*Activity:* Drop the images. Copy every line below character for character.

*Data provided:*
[Start of Attachment]

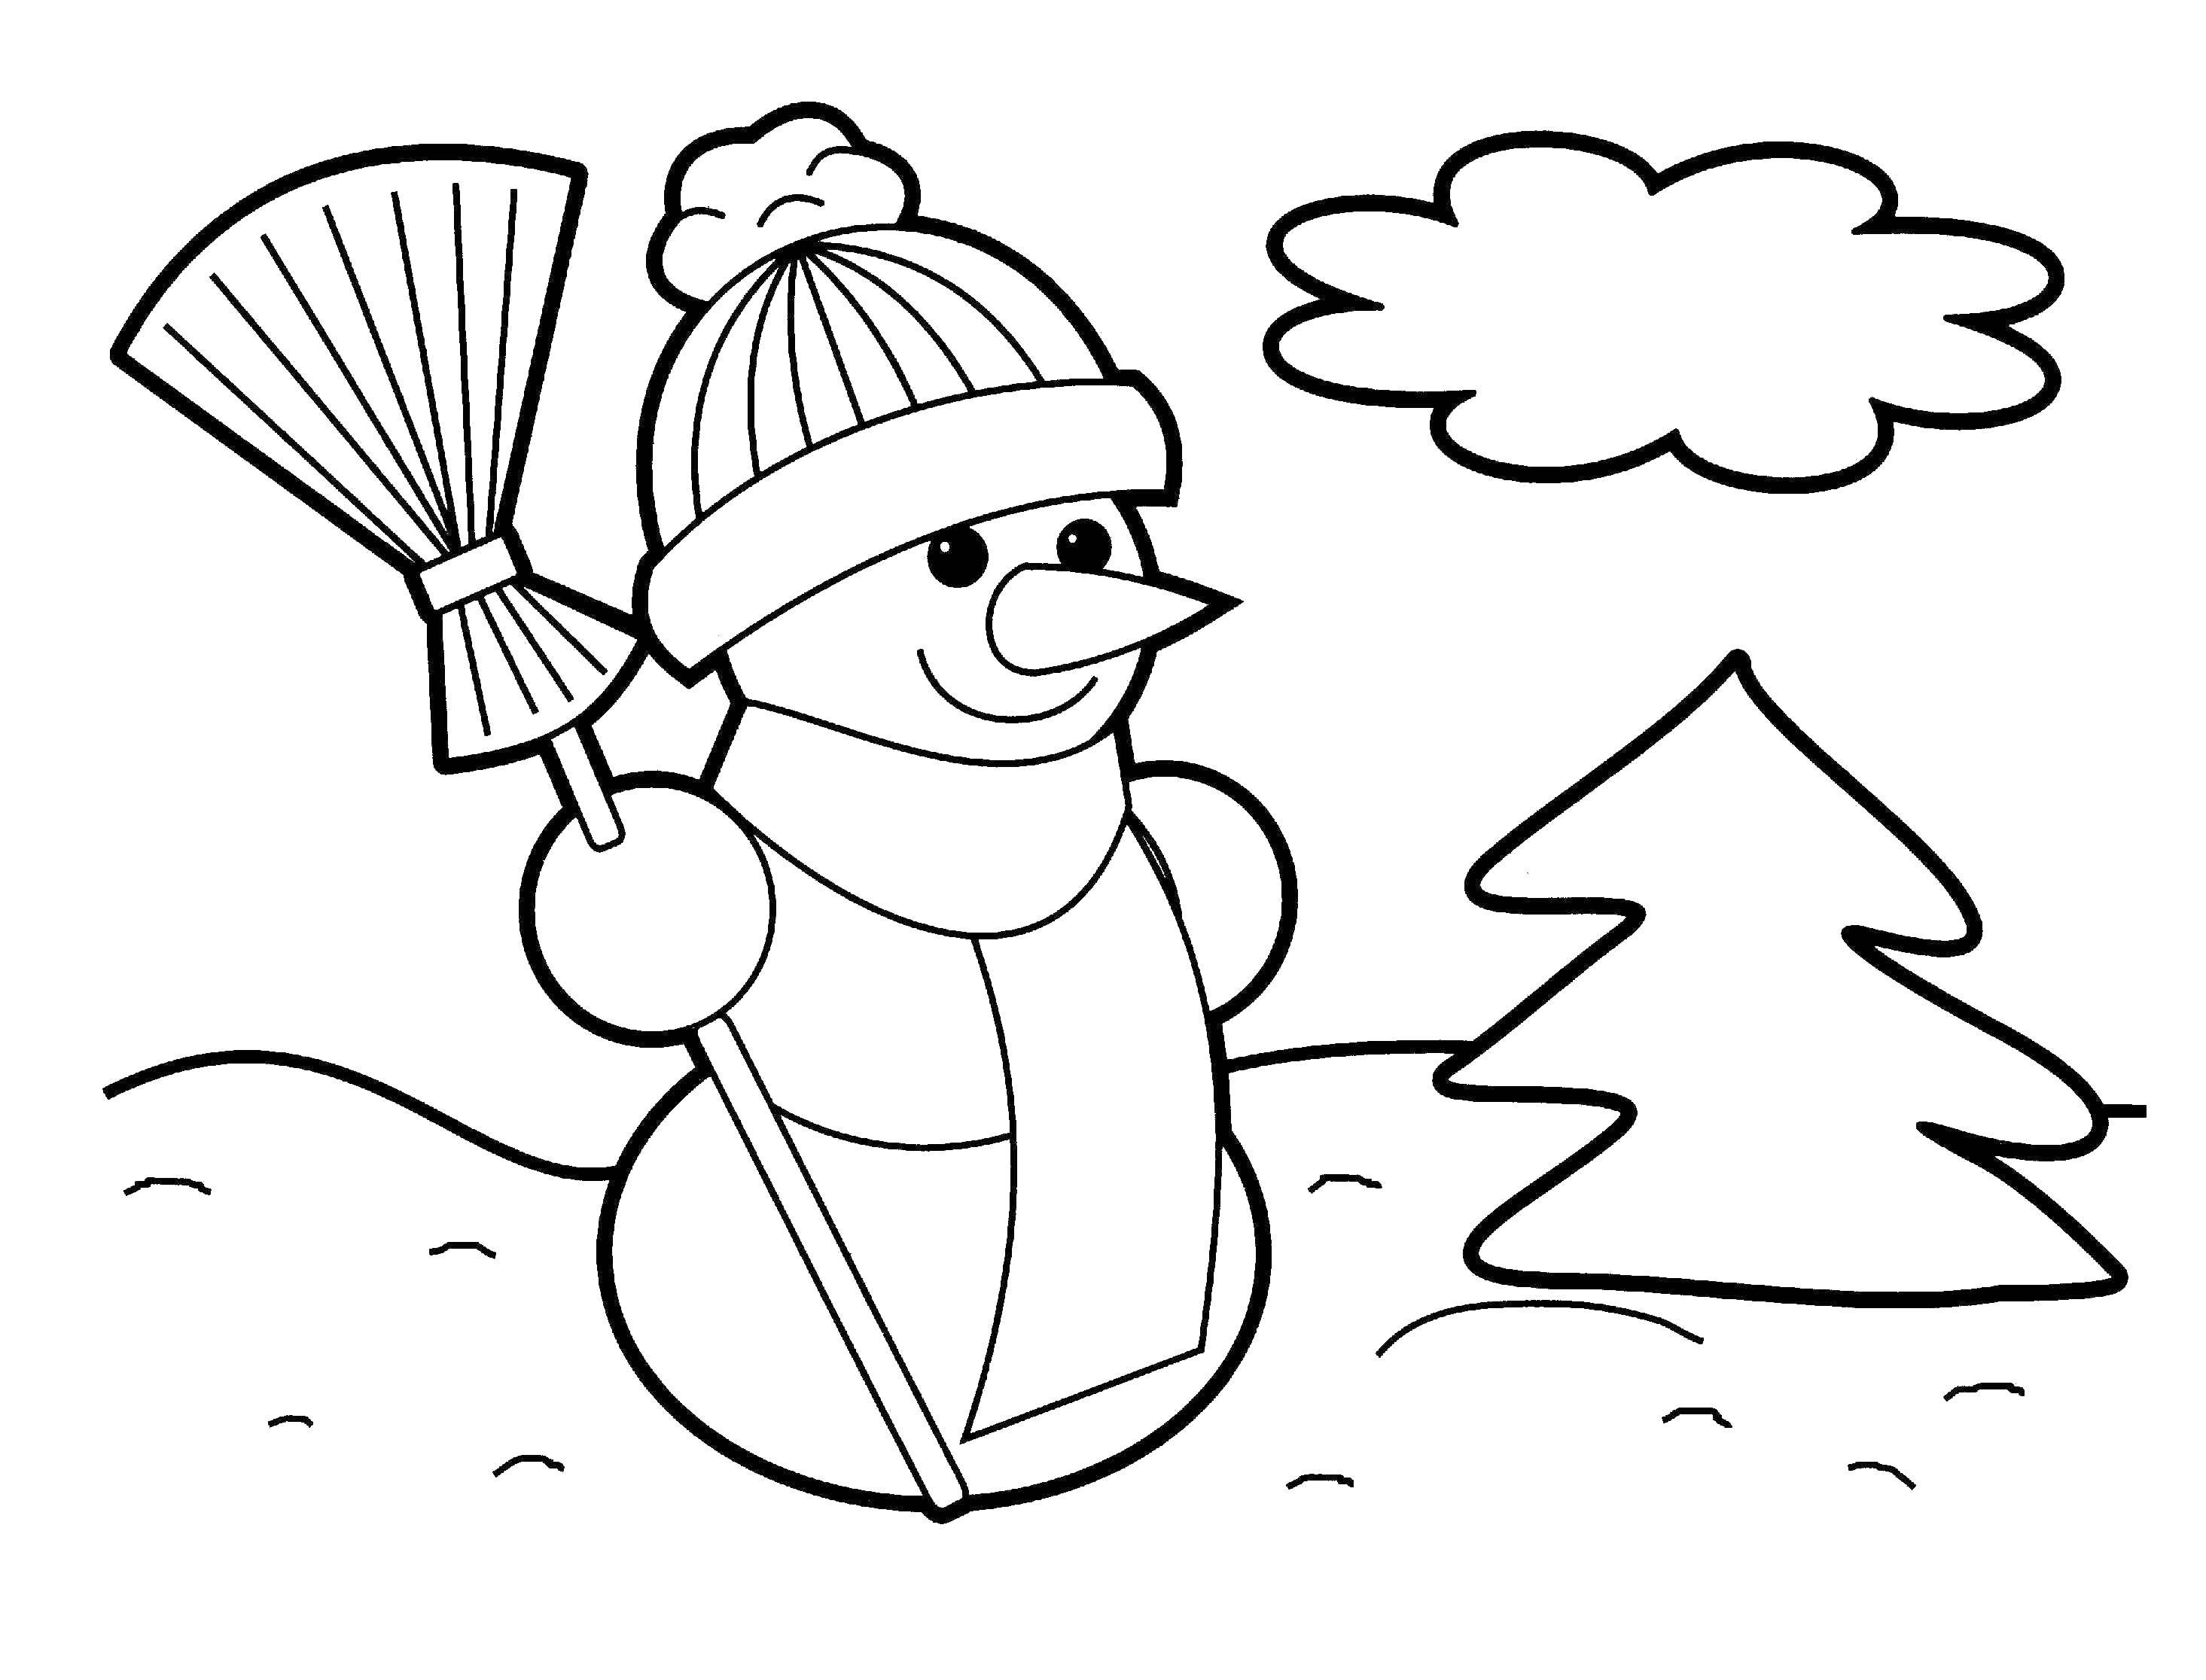 Снеговик с елочкой раскраска
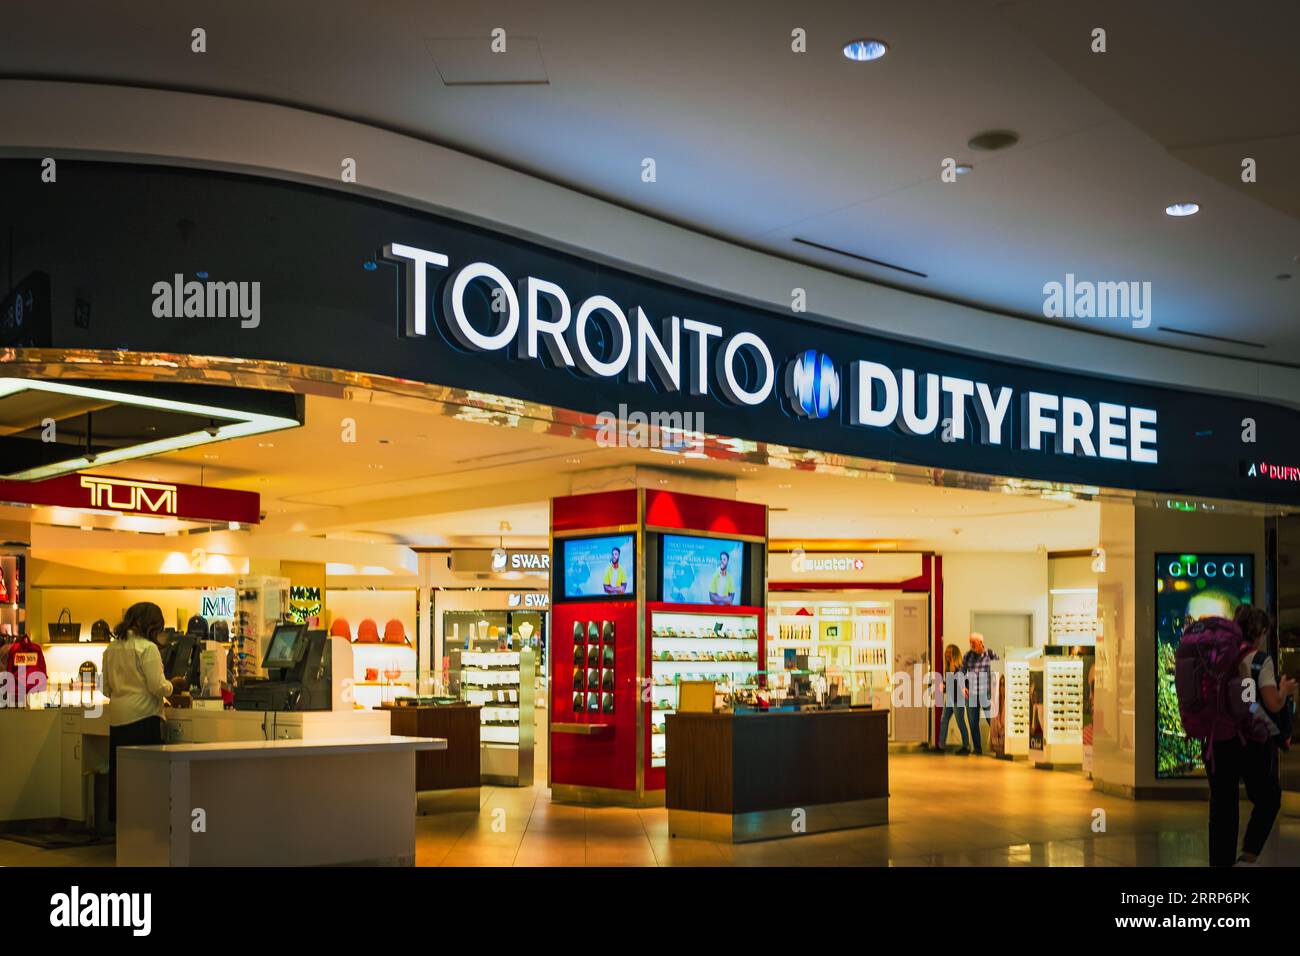 Duty Free Shop im Toronto Pearson International Airport Kanada. Duty-Free-Geschäfte sind Einzelhandelsgeschäfte, die von der Entrichtung nationaler Steuern befreit sind Stockfoto
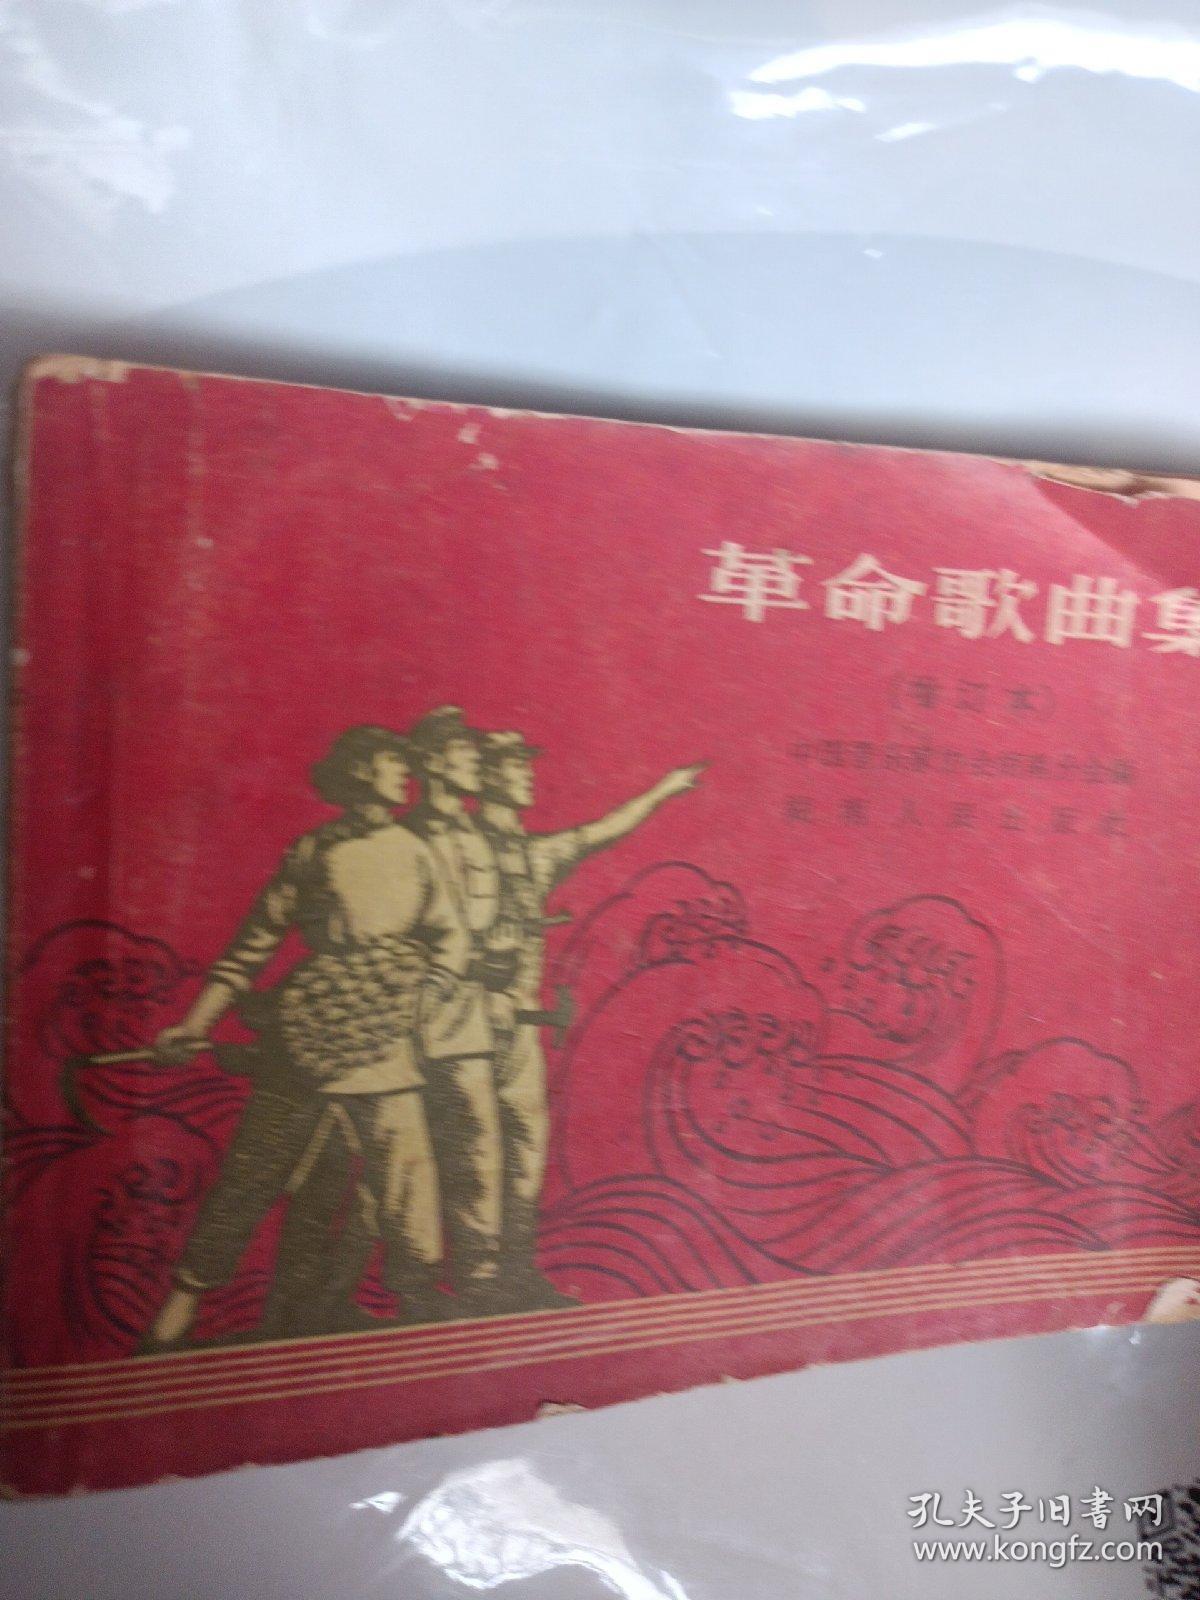 革命歌曲集 增订本 红色革命歌曲选 湖南人民出版社1964年长沙 低价一元起拍怀旧老版本
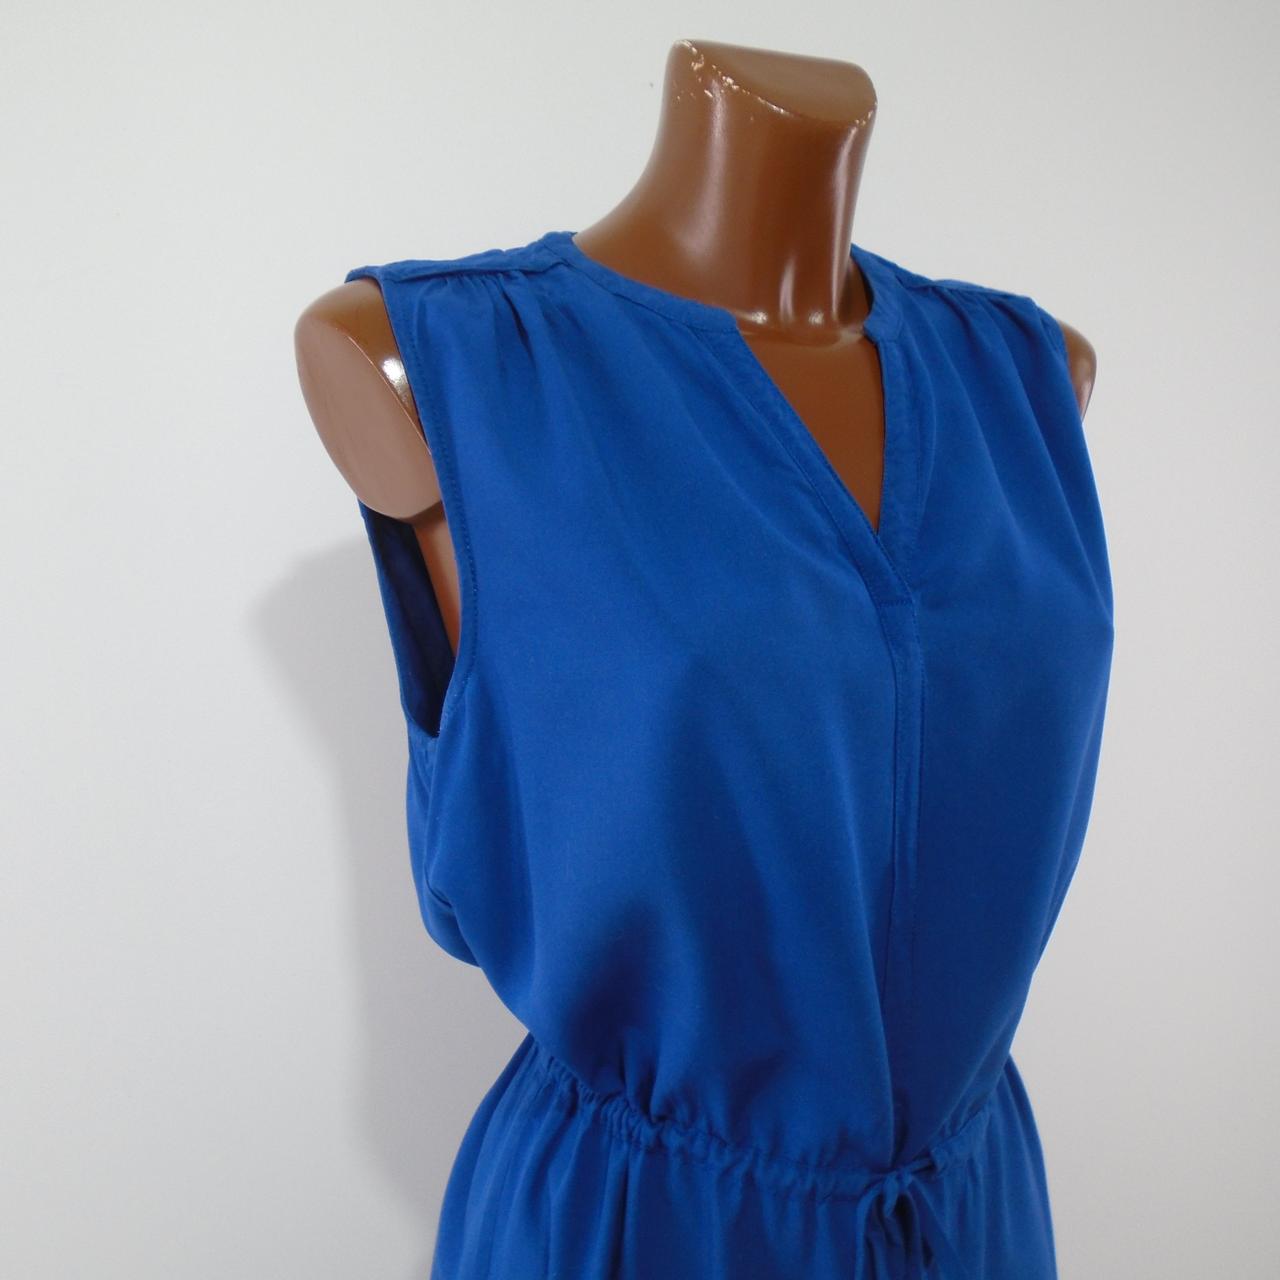 Women's Dress Tommy Hilfiger. Dark blue. L. Used. Good

[End of Attachment]

*Output:*
 Снеговик с елочкой раскраска
 Duty Free Shop im Toronto Pearson International Airport Kanada. Duty-Free-Geschäfte sind Einzelhandelsgeschäfte, die von der Entrichtung nationaler Steuern befreit sind Stockfoto
 革命歌曲集 增订本 红色革命歌曲选 湖南人民出版社1964年长沙 低价一元起拍怀旧老版本
 Women's Dress Tommy Hilfiger. Dark blue. L. Used. Good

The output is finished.